I think the same problem hit me, too, last night.

My kernel choked because of a GPU error, and that somehow disconnected
the cache. I can only guess that there was some sort of timeout due to
blocked queues, and that introduced an IO error which detached the
caches.

Sadly, I only realized this after I already reformatted and started
restore from backup: During the restore I watched the bcache status
and found that the devices are not attached.

I don't know if I could have re-attached the devices instead of
formatting. But I think the dirty data would have been discarded
anyways due to incrementing bcache_device->id.
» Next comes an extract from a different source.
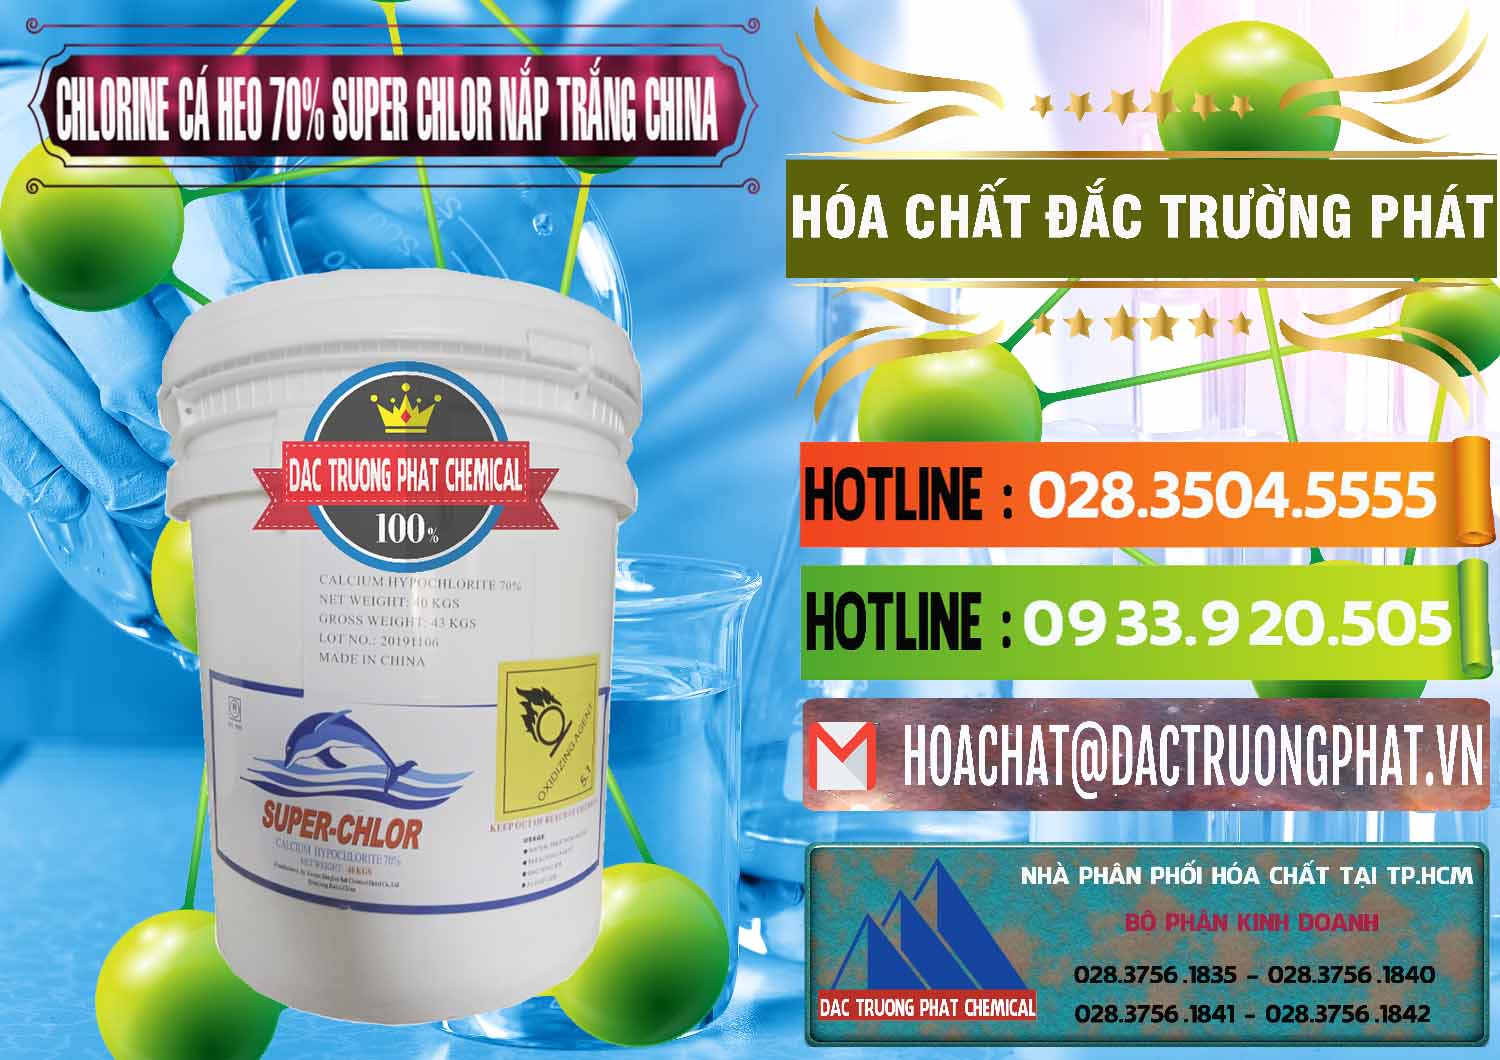 Nơi phân phối & bán Clorin - Chlorine Cá Heo 70% Super Chlor Nắp Trắng Trung Quốc China - 0240 - Đơn vị chuyên nhập khẩu ( phân phối ) hóa chất tại TP.HCM - cungcaphoachat.com.vn

This really needs a better solution, detaching is one of the worst,
especially on btrfs this has catastrophic consequences because data is
not updated inline but via copy on write. This requires updating a lot
of pointers. Usually, cow filesystem would be robust to this kind of
data-loss but the vast amount of dirty data that is lost puts the tree
generations too far behind of what btrfs is expecting, making it
essentially broken beyond repair. If some trees in the FS are just a
few generations behind, btrfs can repair itself by using a backup tree
root, but when the bcache is lost, generation numbers usually lag
behind several hundred generations. Detaching would be fine if there'd
be no dirty data - otherwise the device should probably stop and
refuse any more IO.

@Coly If I patched the source to stop instead of detach, would it have
made anything better? Would there be any side-effects? Is it possible
to atomically check for dirty data in that case and take either the
one or the other action?

Thanks,
Kai